A referendum to overturn a law allowing transgender students to use bathroom facilities consistent with their gender identity failed to qualify for the November ballot based on a random sampling of signatures and is now subject to a full count of signatures, the California Secretary of State’s office said Wednesday.
The law, known as the California School Success and Opportunity Act, took effect Jan. 1 and allows transgender students to participate in school sports teams and activities and to use bathrooms, locker rooms and other facilities consistent with a student’s gender identity, regardless of the gender listed on the student’s records.
Opponents of the law submitted a “Referendum to Overturn Non-Discrimination Requirements for School Programs and Activities” in November 2013 with more than 620,000 signatures. To immediately qualify for the ballot by random sample, the secretary of state sets a high bar: 555,236 signatures must be projected to be valid, according to the secretary’s office.
But county election offices projected that only 482,582 of the signatures are valid, moving the referendum qualification process to the next step, a full count of the signatures. For the full count, which is due by Feb. 24, the state requires that 504,760 signatures be valid to put the referendum on the ballot.
According to the state filing, the referendum’s author is Gina Gleason of the Chino-based nonprofit organization Faith and Public Policy, which works to defend a biblical worldview; Gleason is listed in care of Karen England, co-chair of Privacy for All Students, a Sacramento-based coalition of advocacy and religious groups. Other supporters of the referendum include Brad Dacus, president of the Pacific Justice Institute, a statewide group of attorneys that defends religious freedom and civil rights, who called the law “an egregious violation of the fundamental privacy rights of all students in California.”
“If an 8-year-old boy says one day that he feels he’s a girl, this law immediately mandates that he’s allowed to use the girls’ room,” Dacus said. “The legislation is very clear – all that is required is for the child to assert that at that time, they feel like the opposite gender. The child’s allowed to switch back and forth day after day.”
Under regulations put in place in 2013 by the California Interscholastic Federation in 2013, transgender students are free to participate in athletic events based on their gender identity – a boy who has established an identity as a girl playing on a girls’ basketball team, for instance. That protection would not change even if the law were repealed, legal experts said, and nor would a repeal of the law change policies that are in place in several school districts, including Los Angeles Unified and San Francisco Unified, that allow transgender students to participate in all aspects of school life according to their self-identified gender.

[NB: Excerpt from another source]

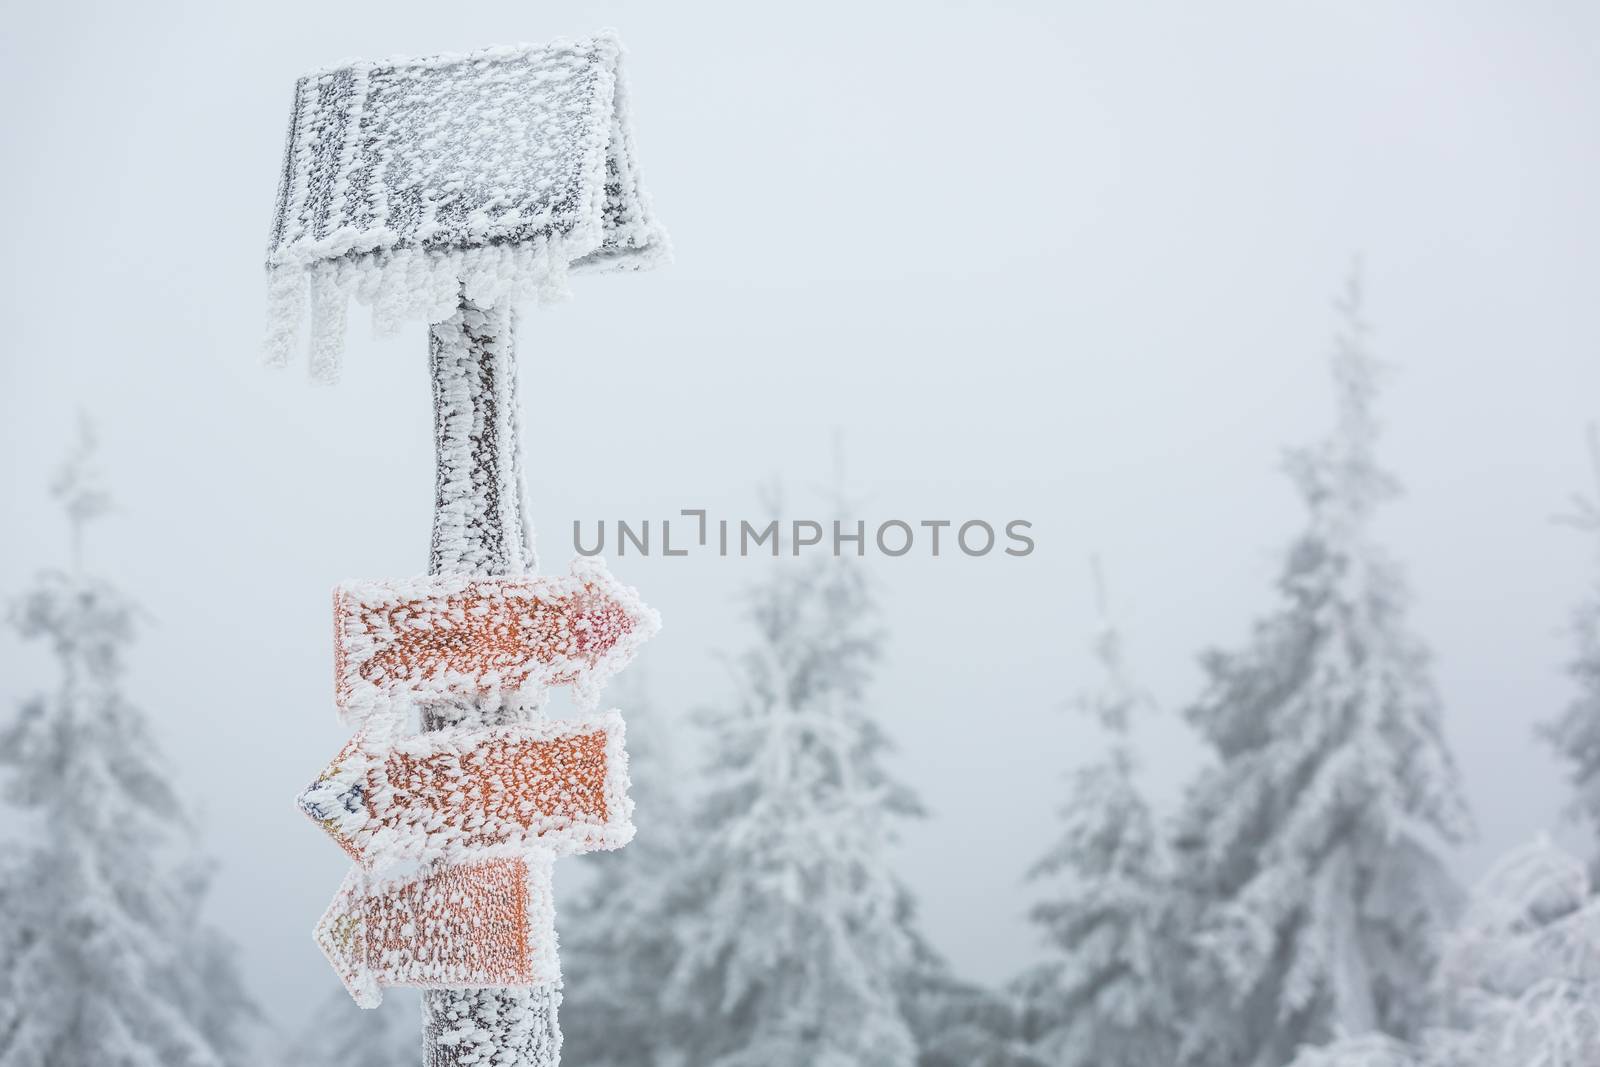 Extreme winter weather - hiking path sign covered with snow brought by strong wind during snowstorm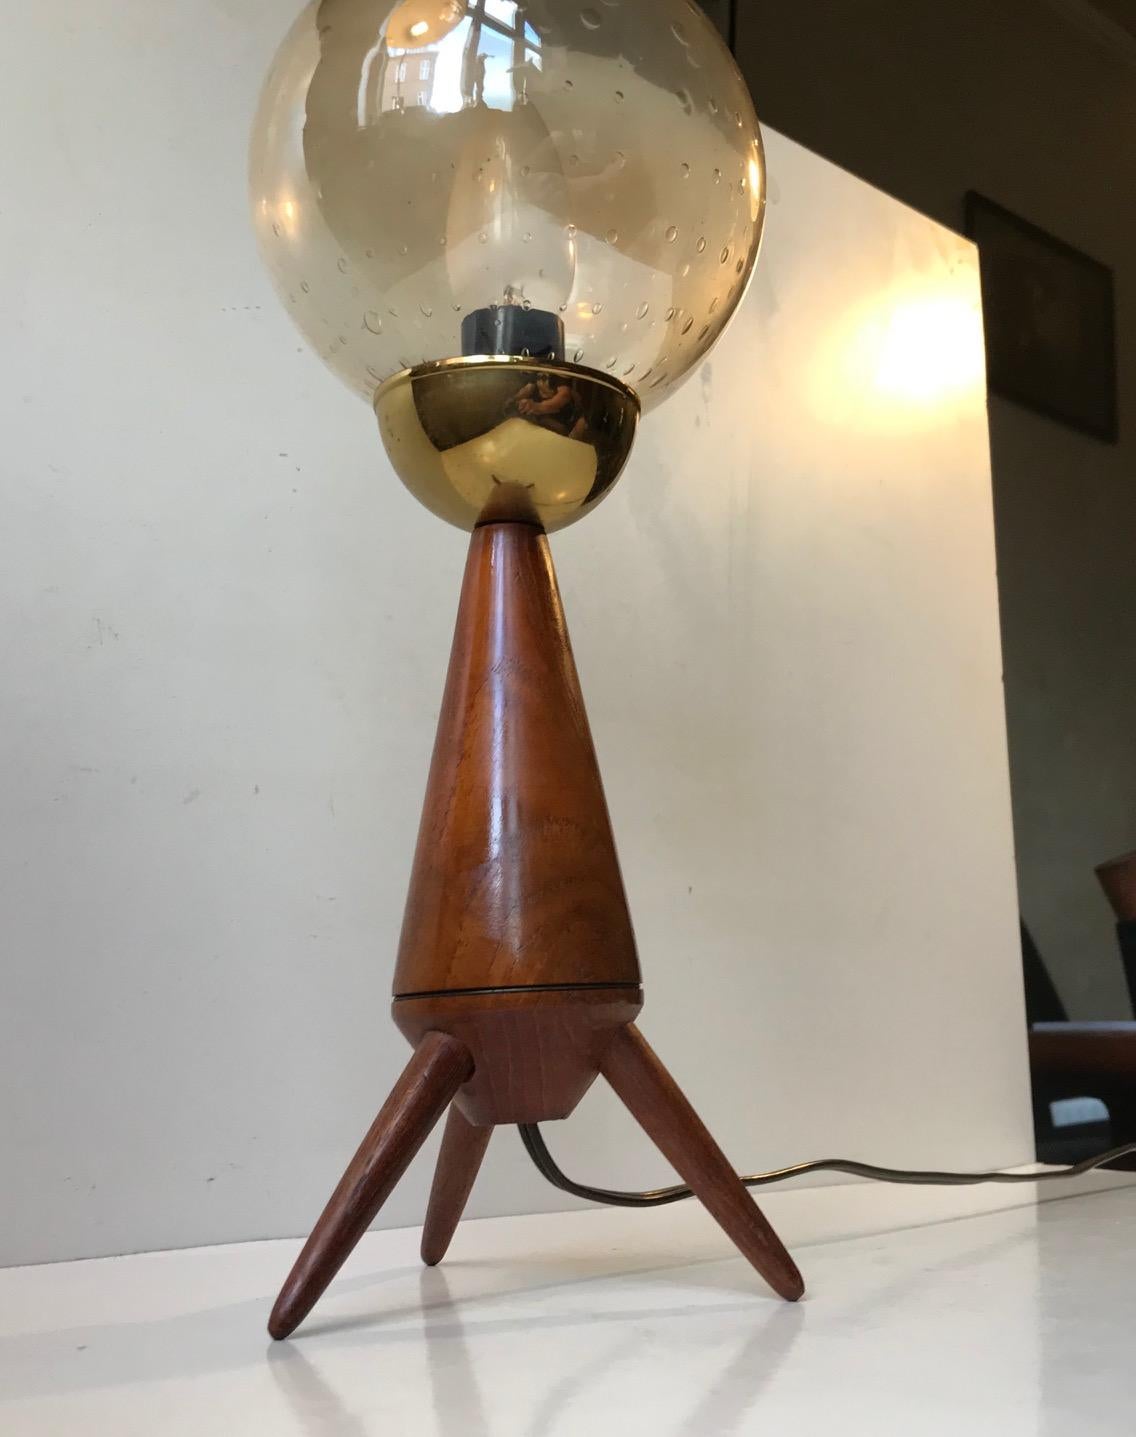 Mid-Century Modern Scandinavian Midcentury Tripod Table Lamp in Teak and Glass, 1960s For Sale

The number of transgender adults is estimated to be about 0.5 percent of the state’s population, and the percentage of transgender youth would be lower, said Ilona Turner, legal director of the Transgender Law Center, an Oakland-based organization that is involved in litigation across the country. The term transgender refers to those who identify with a gender that differs from their sex.
“In my experience, supporting transgender students based on their gender identity, including allowing them to use facilities or participate in activities, is just another way that schools work to ensure all students can be successful,” said Sara Stone, a principal at Oakland Unified School District, in a statement released by the San Francisco-based American Civil Liberties Union of Northern California, a nonprofit legal advocacy organization. “This is not an issue that other students are bothered about, and is one that makes a tremendous difference for the transgender students we serve.”